**Exercise details**
Repeat everything in the data exactly except images.

**Input data**
╔══
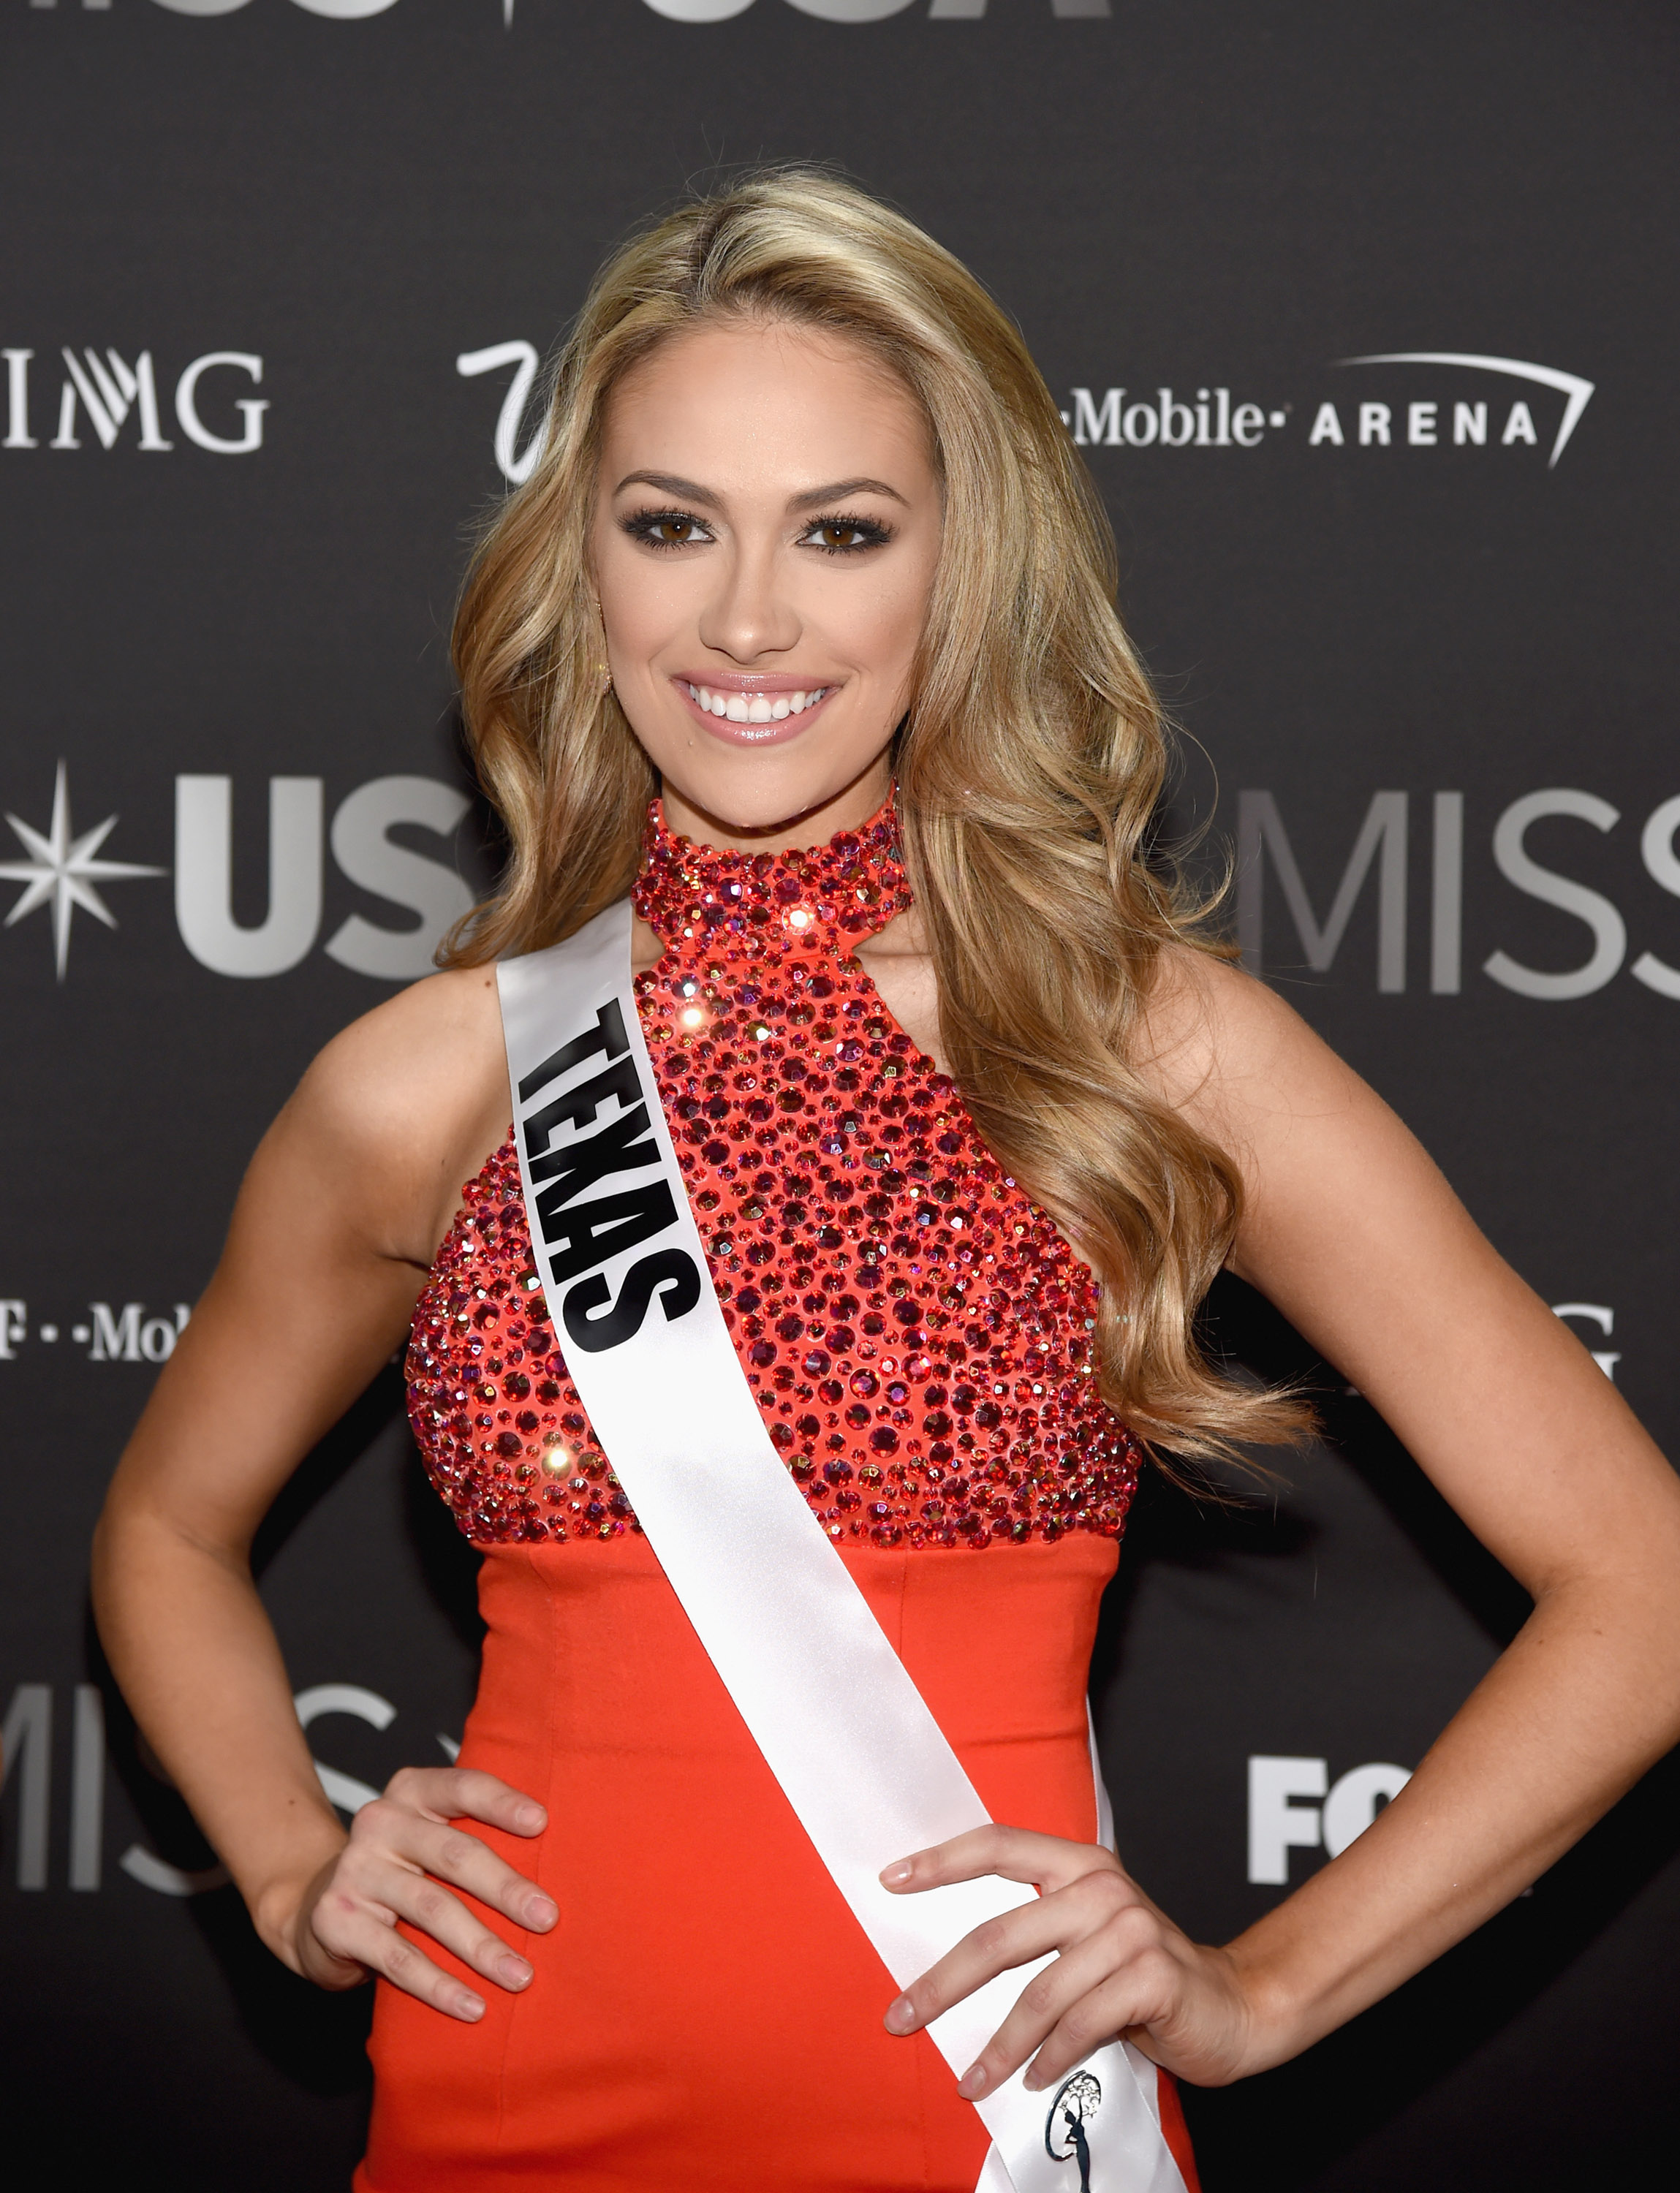 Cancelamento do Miss Brazil USA 2016 em Las Vegas causa polêmica
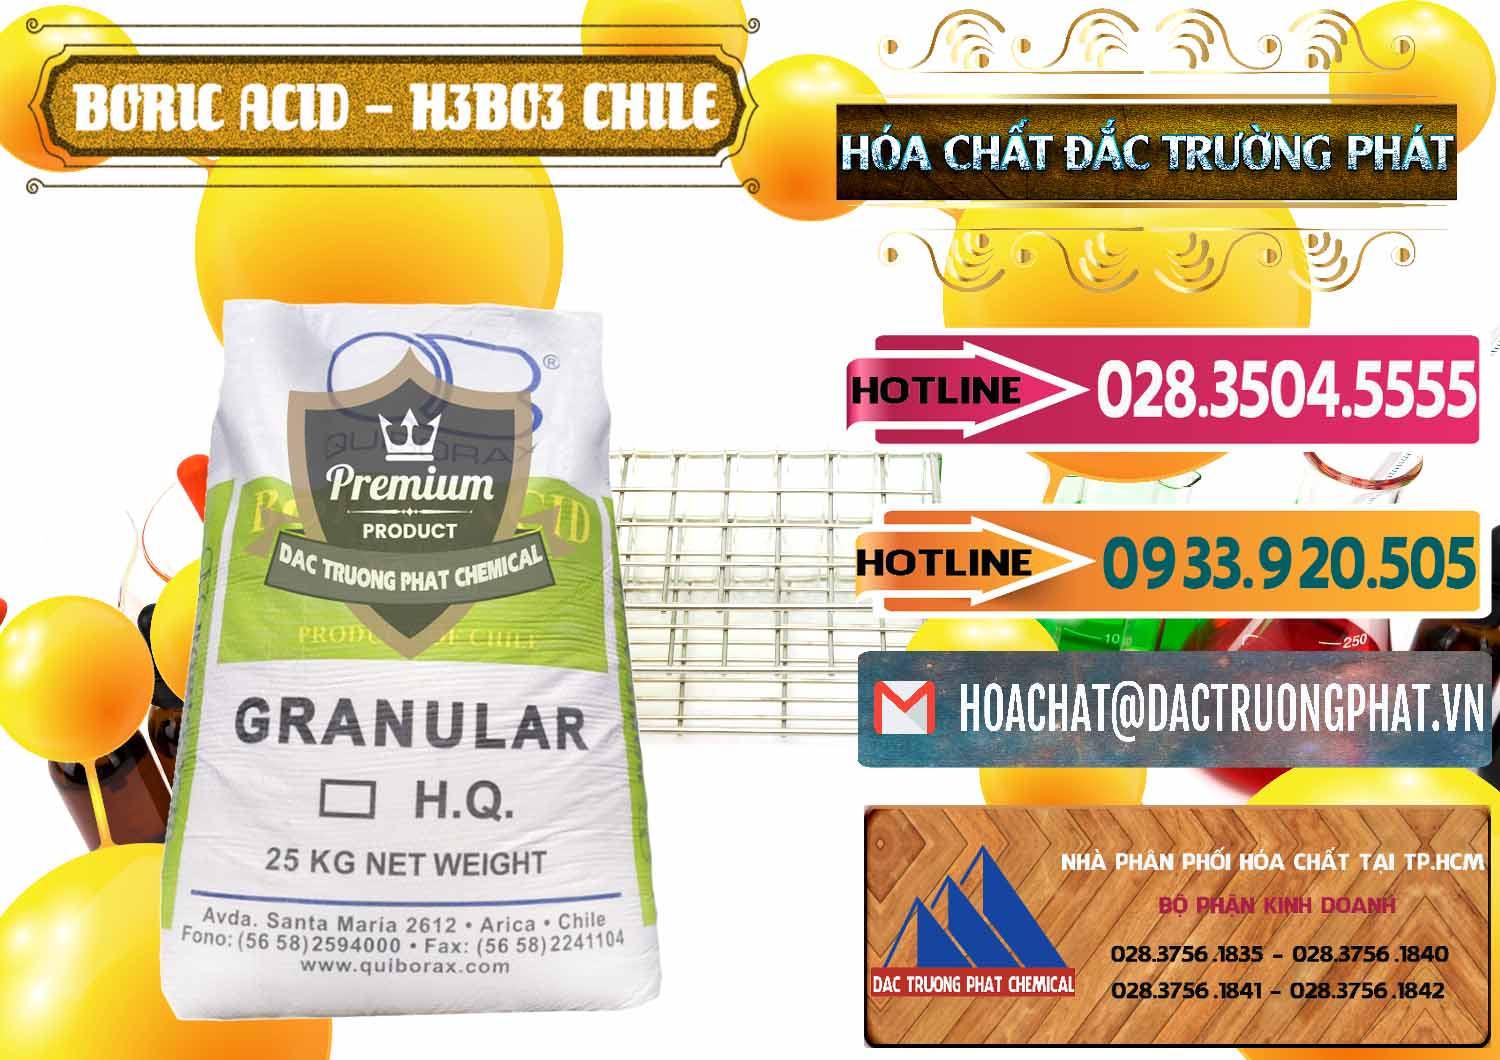 Đơn vị bán - phân phối Acid Boric – Axit Boric H3BO3 99% Quiborax Chile - 0281 - Cty chuyên phân phối ( bán ) hóa chất tại TP.HCM - dactruongphat.vn
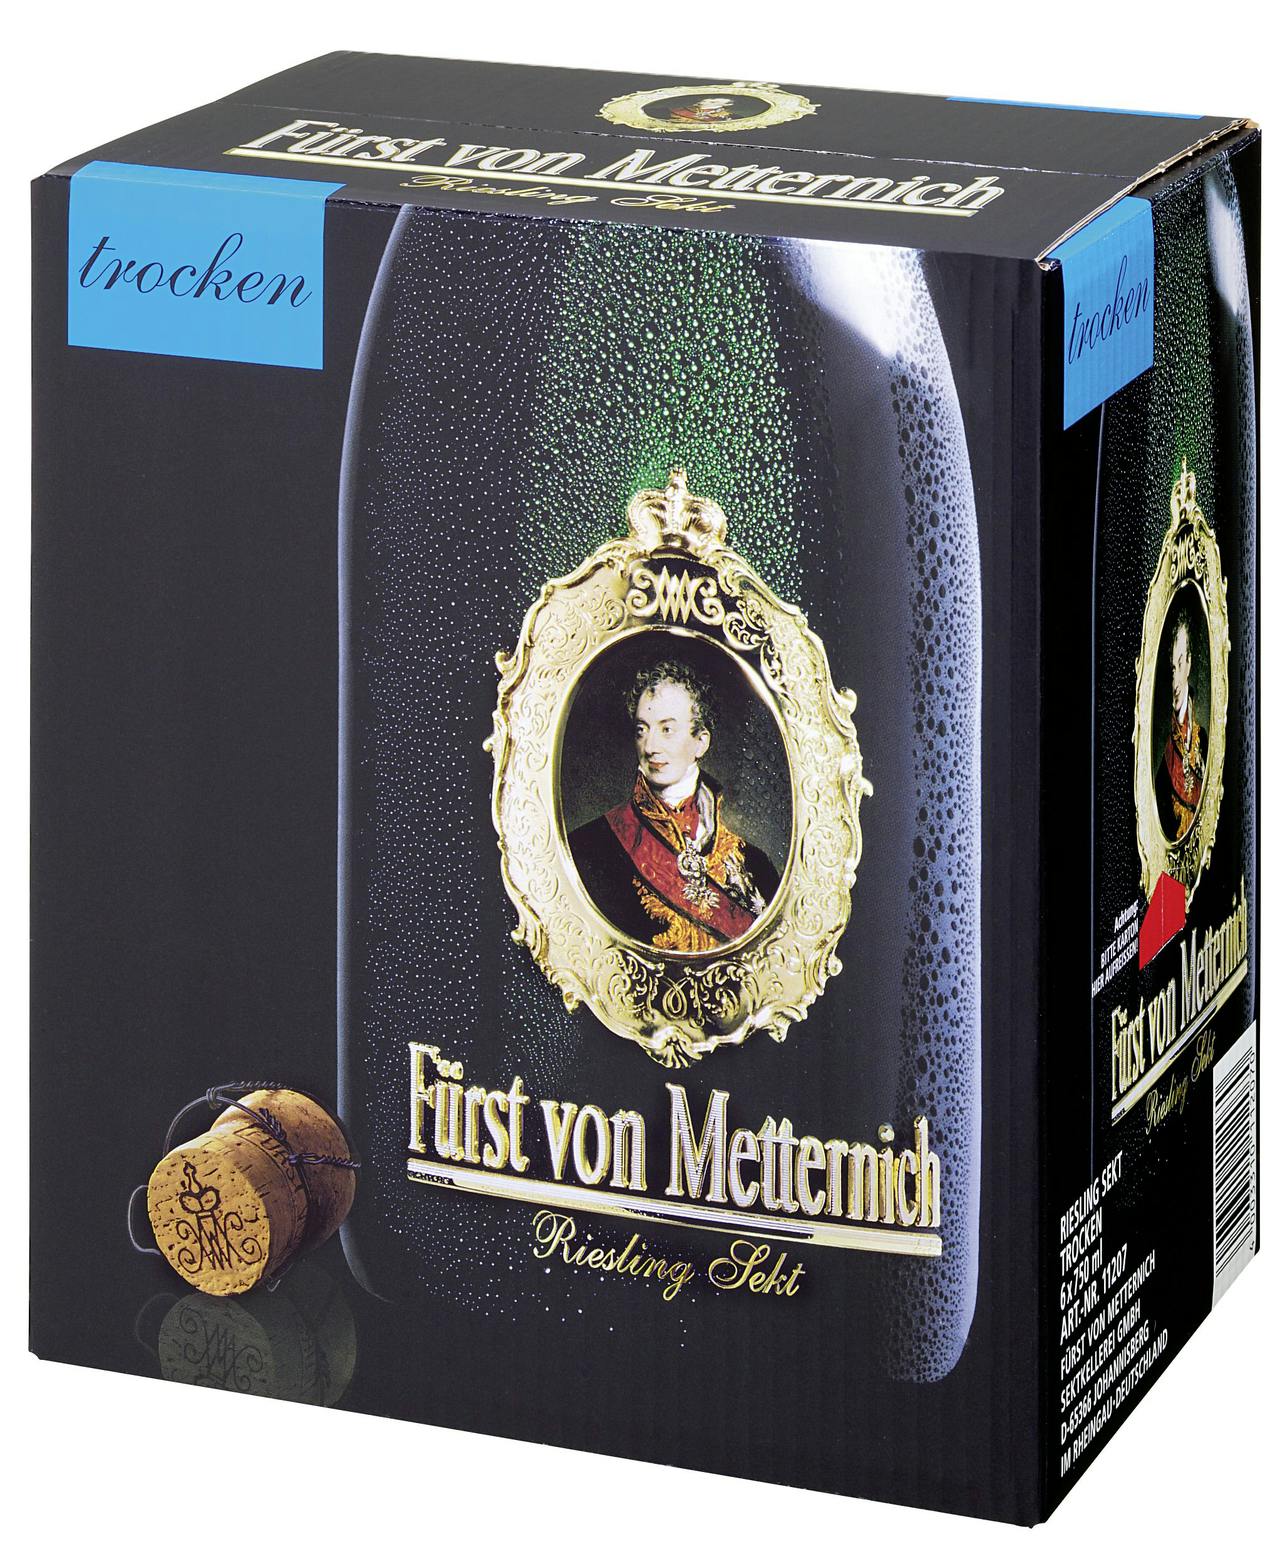 Fürst von Metternich Riesling Sekt Flaschen l) x | 0,75 l Marktplatz (4,5 6 METRO trocken
╚══
**Task output**
 Cancelamento do Miss Brazil USA 2016 em Las Vegas causa polêmica
 Đơn vị bán - phân phối Acid Boric – Axit Boric H3BO3 99% Quiborax Chile - 0281 - Cty chuyên phân phối ( bán ) hóa chất tại TP.HCM - dactruongphat.vn
 Fürst von Metternich Riesling Sekt Flaschen l) x | 0,75 l Marktplatz (4,5 6 METRO trocken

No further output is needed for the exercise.